What you should do
Read the data below. Every line holding the string "Copper" must be copied.

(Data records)
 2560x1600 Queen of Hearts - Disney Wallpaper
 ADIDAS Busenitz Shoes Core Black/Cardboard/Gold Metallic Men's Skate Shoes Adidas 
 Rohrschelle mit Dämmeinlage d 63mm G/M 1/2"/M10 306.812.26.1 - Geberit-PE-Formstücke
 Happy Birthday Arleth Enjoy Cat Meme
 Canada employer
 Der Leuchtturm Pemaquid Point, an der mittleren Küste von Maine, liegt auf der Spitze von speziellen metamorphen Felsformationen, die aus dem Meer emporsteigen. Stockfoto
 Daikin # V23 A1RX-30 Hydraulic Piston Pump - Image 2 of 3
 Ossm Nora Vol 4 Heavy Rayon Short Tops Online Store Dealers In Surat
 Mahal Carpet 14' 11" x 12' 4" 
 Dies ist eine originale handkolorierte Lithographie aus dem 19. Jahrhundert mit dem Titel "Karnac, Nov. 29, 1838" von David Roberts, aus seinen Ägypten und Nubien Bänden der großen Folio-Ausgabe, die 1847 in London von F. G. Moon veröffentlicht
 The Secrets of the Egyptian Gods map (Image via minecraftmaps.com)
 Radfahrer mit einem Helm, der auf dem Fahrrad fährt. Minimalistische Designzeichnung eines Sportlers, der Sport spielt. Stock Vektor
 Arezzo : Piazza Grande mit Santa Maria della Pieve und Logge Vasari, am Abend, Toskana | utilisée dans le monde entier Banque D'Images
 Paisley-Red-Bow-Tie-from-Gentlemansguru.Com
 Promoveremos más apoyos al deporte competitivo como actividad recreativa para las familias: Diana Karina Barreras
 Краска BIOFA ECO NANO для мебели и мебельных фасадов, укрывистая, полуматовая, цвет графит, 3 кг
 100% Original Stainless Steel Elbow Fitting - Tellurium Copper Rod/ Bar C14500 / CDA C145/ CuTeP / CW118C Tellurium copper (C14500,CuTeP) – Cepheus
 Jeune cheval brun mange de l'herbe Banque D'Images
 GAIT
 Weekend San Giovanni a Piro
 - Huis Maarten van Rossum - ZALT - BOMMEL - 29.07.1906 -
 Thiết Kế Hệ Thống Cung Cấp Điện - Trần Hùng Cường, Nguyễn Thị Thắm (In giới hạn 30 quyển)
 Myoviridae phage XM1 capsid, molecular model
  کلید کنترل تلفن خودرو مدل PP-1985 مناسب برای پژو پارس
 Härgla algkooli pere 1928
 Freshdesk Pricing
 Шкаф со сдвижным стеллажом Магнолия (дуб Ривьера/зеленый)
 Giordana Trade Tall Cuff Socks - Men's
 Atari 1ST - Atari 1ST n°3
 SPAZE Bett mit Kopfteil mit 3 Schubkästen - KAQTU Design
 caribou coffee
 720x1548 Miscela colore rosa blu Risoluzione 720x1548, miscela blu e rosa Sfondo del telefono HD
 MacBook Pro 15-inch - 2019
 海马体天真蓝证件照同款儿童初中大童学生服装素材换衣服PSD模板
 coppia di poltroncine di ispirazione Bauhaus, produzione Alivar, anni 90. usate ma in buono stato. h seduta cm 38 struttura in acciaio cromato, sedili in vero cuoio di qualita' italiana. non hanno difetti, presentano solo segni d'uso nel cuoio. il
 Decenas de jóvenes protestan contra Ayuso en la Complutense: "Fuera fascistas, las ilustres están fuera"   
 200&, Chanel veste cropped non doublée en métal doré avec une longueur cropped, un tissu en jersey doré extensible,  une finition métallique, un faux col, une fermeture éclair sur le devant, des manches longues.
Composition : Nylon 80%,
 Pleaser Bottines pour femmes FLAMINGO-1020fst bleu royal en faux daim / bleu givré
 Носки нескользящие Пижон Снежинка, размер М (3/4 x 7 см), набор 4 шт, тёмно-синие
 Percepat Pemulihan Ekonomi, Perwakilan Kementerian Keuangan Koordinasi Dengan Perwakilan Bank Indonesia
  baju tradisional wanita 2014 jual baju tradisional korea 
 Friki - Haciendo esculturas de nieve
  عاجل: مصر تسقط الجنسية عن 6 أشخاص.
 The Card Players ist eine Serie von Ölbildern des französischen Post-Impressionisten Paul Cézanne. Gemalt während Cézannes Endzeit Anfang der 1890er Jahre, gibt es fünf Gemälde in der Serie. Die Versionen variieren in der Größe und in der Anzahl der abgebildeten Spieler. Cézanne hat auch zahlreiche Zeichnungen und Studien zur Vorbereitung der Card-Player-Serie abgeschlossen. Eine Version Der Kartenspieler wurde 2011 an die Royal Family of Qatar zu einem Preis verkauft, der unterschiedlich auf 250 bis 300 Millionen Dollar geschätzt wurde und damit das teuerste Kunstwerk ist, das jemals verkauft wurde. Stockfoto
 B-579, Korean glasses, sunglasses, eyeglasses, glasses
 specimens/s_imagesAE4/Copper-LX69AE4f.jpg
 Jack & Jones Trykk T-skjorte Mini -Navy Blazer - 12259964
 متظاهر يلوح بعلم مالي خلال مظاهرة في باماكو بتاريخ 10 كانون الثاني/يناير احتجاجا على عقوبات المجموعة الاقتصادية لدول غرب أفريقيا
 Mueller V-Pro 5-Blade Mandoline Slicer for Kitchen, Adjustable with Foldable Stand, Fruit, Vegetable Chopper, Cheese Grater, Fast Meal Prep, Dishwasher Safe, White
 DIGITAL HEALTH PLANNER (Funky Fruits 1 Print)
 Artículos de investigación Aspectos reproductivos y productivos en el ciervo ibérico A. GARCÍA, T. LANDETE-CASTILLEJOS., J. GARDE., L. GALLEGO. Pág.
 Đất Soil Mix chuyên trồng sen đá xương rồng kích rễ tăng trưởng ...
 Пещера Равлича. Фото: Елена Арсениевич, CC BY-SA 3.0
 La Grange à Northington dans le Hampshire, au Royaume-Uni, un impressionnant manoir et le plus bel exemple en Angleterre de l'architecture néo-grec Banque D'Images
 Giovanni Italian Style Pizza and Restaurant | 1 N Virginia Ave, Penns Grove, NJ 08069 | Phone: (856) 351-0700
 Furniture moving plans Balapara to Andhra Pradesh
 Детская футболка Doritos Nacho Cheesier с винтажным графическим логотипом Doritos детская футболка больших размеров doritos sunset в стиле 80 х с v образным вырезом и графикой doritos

Response to the exercise
 100% Original Stainless Steel Elbow Fitting - Tellurium Copper Rod/ Bar C14500 / CDA C145/ CuTeP / CW118C Tellurium copper (C14500,CuTeP) – Cepheus
 specimens/s_imagesAE4/Copper-LX69AE4f.jpg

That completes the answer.